Rechtliche Beurteilung

[3] Richtig ist, wie in der Revision ausgeführt, dass widersprüchliche Feststellungen, die eine abschließende rechtliche Beurteilung nicht ermöglichen, Feststellungsmängel sind, die grundsätzlich eine erhebliche Rechtsfrage begründen und zur Aufhebung in die erste Instanz führen müssen ( RS0042744 ). Solche liegen vor, wenn sie zueinander in einem logischen – und damit unauflösbaren (zB 8 Ob 126/14h [Pkt 1.4 und 1.5]) – Widerspruch stehen (vgl RS0043182 ).

[4] Ein solcher Widerspruch liegt hier entgegen der Ansicht in der Revision zwischen der positiven Feststellung, wonach dem Kläger die Listung der Aktien im DAX wichtig war, „weil ihm dies – bezogen auf Kontrolle der Unternehmen – sicher erschien“, und den Negativfeststellungen über den Erwerb oder Nichterwerb der Aktien der W*AG durch den Kläger auch in jenem Fall, dass er von einer Verweigerung des Testats durch die Zweitbeklagte oder von einer Strafverfolgung Kenntnis erlangt hätte, sowie auch im Übrigen nicht vor.
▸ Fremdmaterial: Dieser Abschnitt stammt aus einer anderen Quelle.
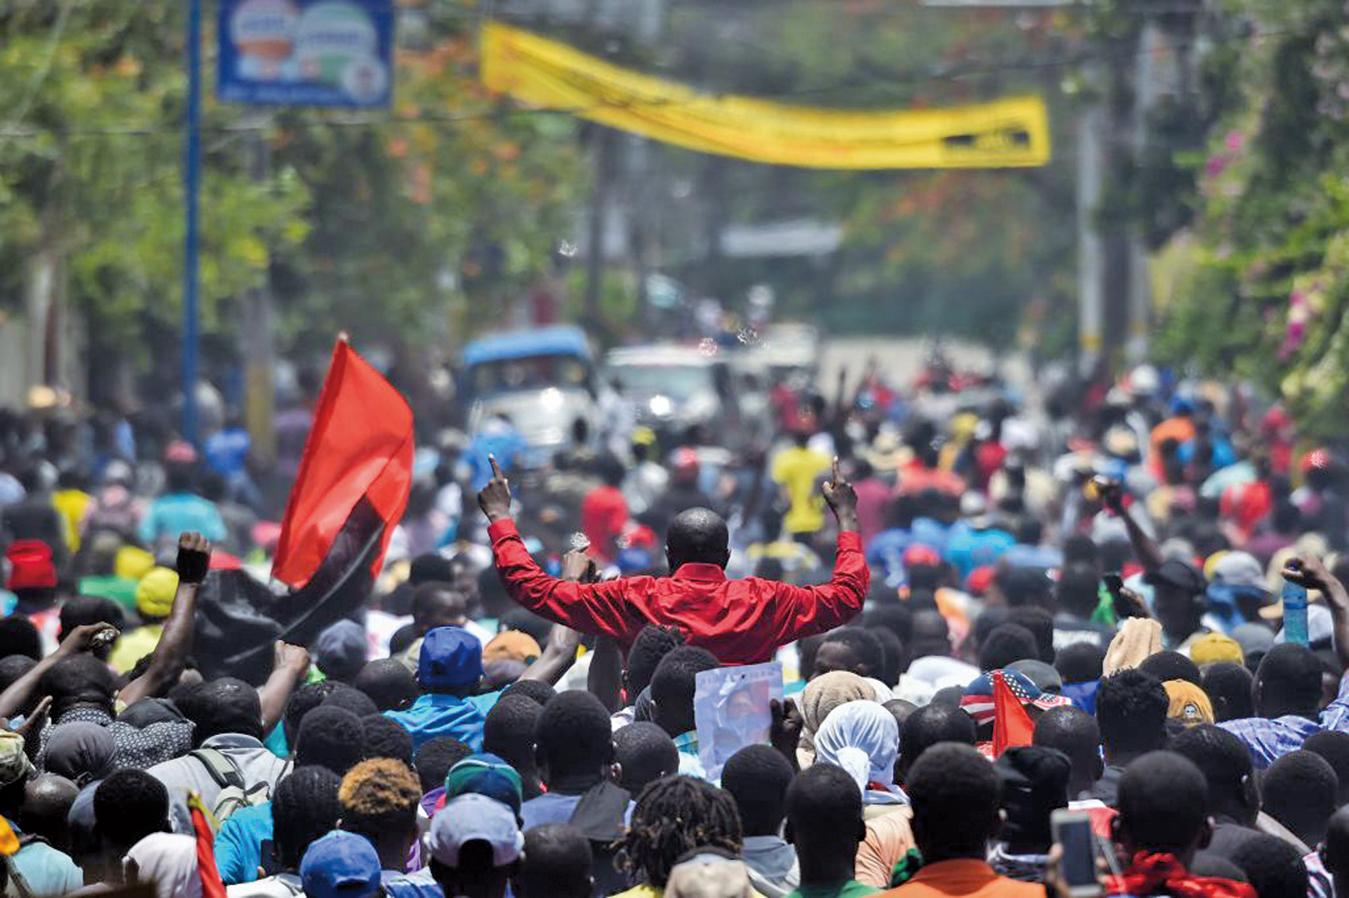 數以千計示威者走上海地首都太子港街頭遊行,要求總統摩依士為涉嫌侵吞公款下台。(AFP)
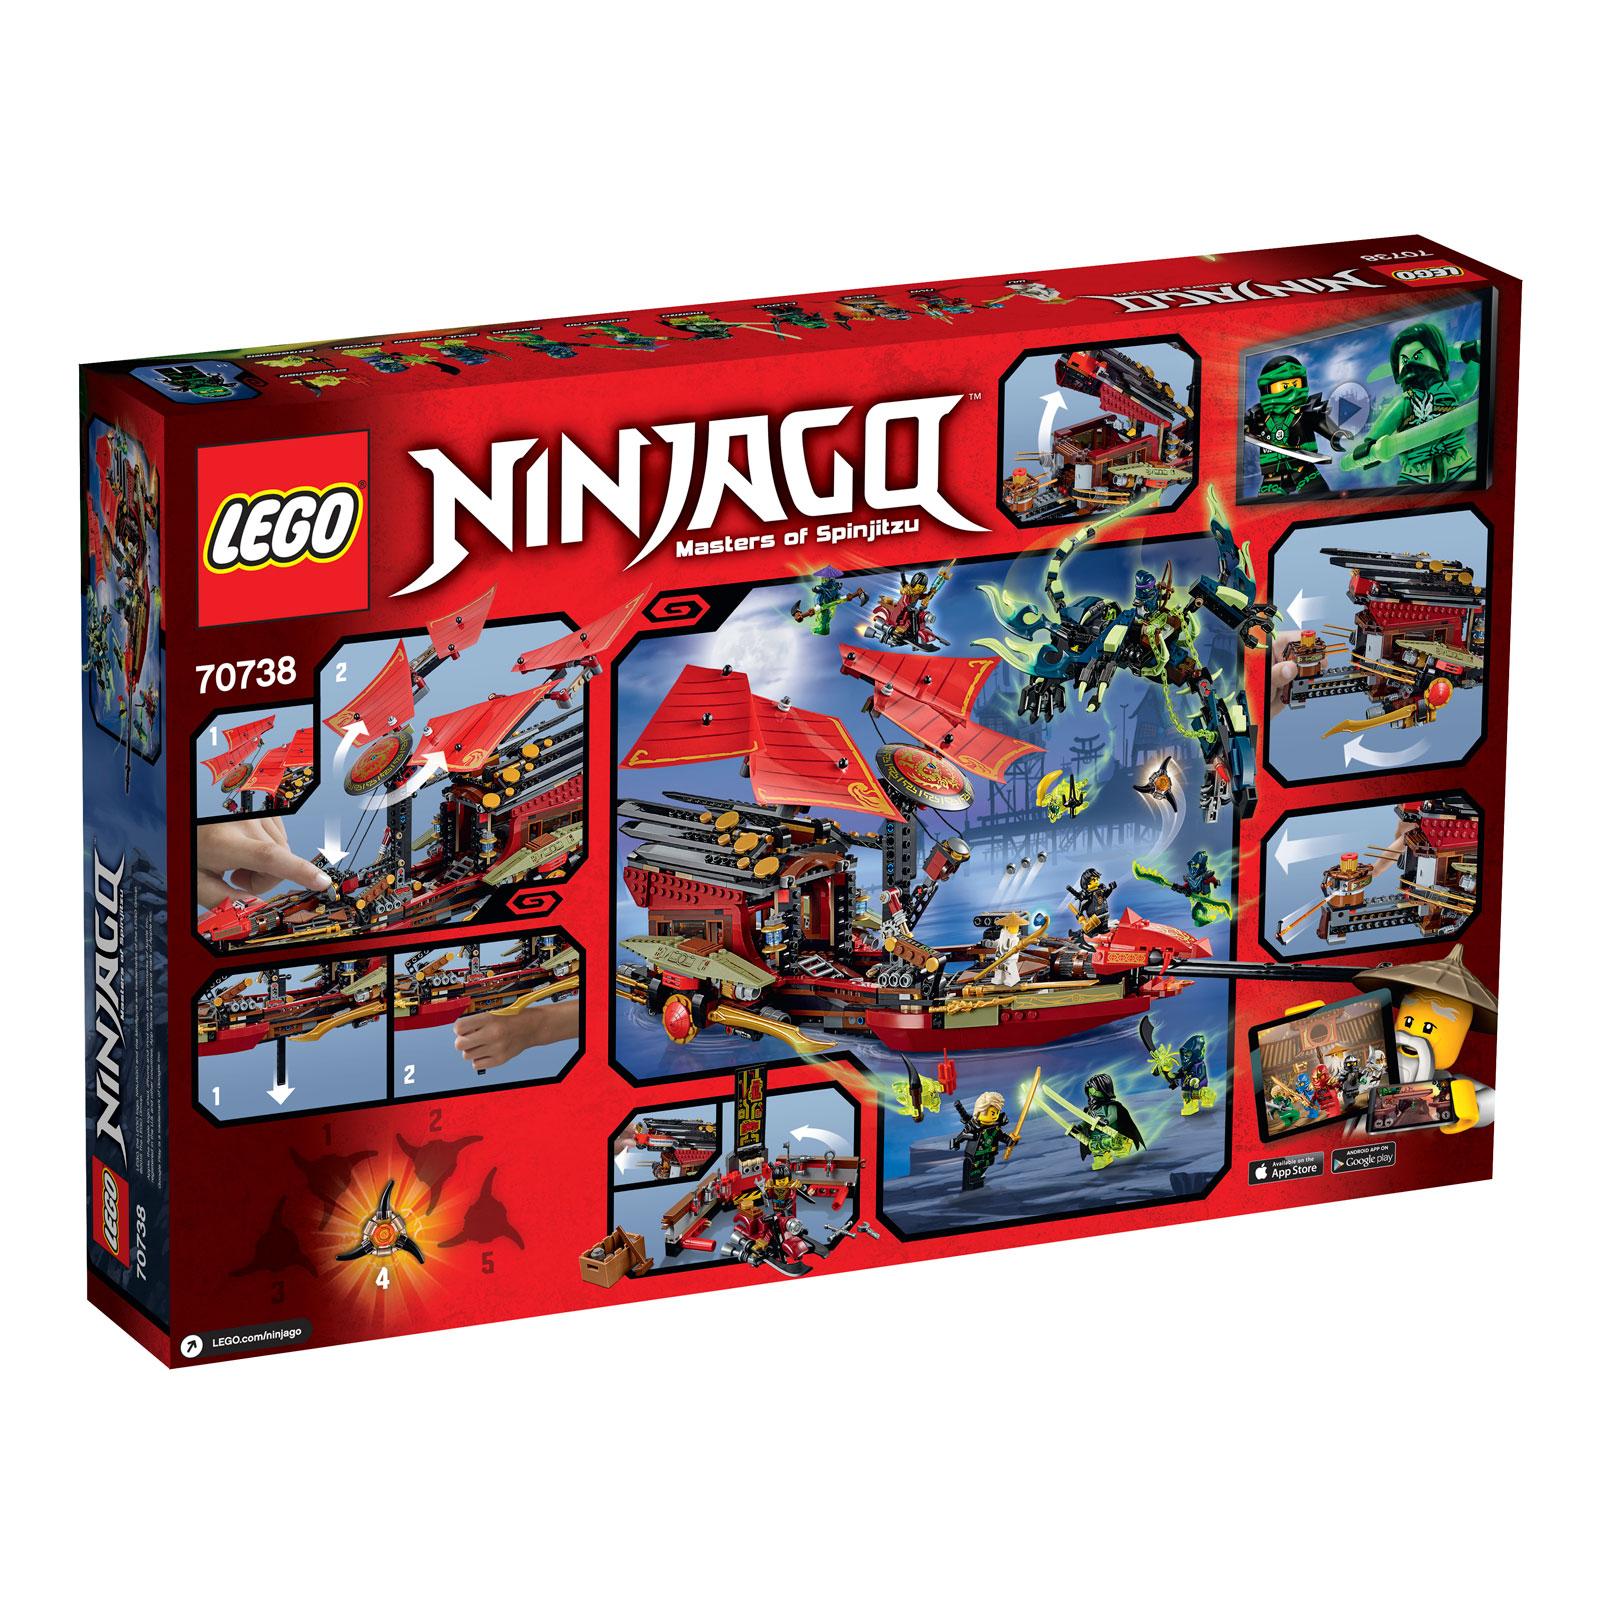 ����������� LEGO Ninjago 70738 ������� ��� ������- �������� �����

[5] Ob ein prima facie Beweis (Anscheinsbeweis) überhaupt zulässig ist, ob es sich also um einen Tatbestand mit typischem Geschehensablauf handelt, der eine Verschiebung von Beweisthema und Beweislast ermöglicht, ist eine Frage der Beweislast und damit eine solche der rechtlichen Beurteilung, die (grundsätzlich) im Revisionsverfahren überprüfbar is t (RS0022624). Folglich erörtert der Revisionswerber an sich zutreffend unter dem Revisionsgrund der unrichtigen rechtlichen Beurteilung Fragen der Beweislast bzw der Zulässigkeit des Anscheinsbeweises. Er übersieht aber, dass eine im Berufungsverfahren unterlassene (prozessordnungsgemäße) Rechtsrüge in der Revision nicht nachgeholt werden kann ( RS0043480 ). Das Berufungsgericht hat die Rechtsrüge als insgesamt nicht gesetzmäßig ausgeführt qualifiziert und deren Erledigung verweigert. Dieses Vorgehen zieht der Revisionswerber nicht – korrekt: als Mangelhaftigkeit des Berufungsverfahrens ( RS0043231 ) – in Zweifel. Dass die Vorinstanzen die Möglichkeit eines Anscheinsbeweises nicht bedachten, kann daher vom Obersten Gerichtshof nicht mehr überprüft werden (vgl 1 Ob 90/16s ).

[6] Mangels Darstellung einer erheblichen Rechtsfrage im Sinne des § 502 Abs 1 ZPO war die außerordentliche Revision des Klägers zurückzuweisen.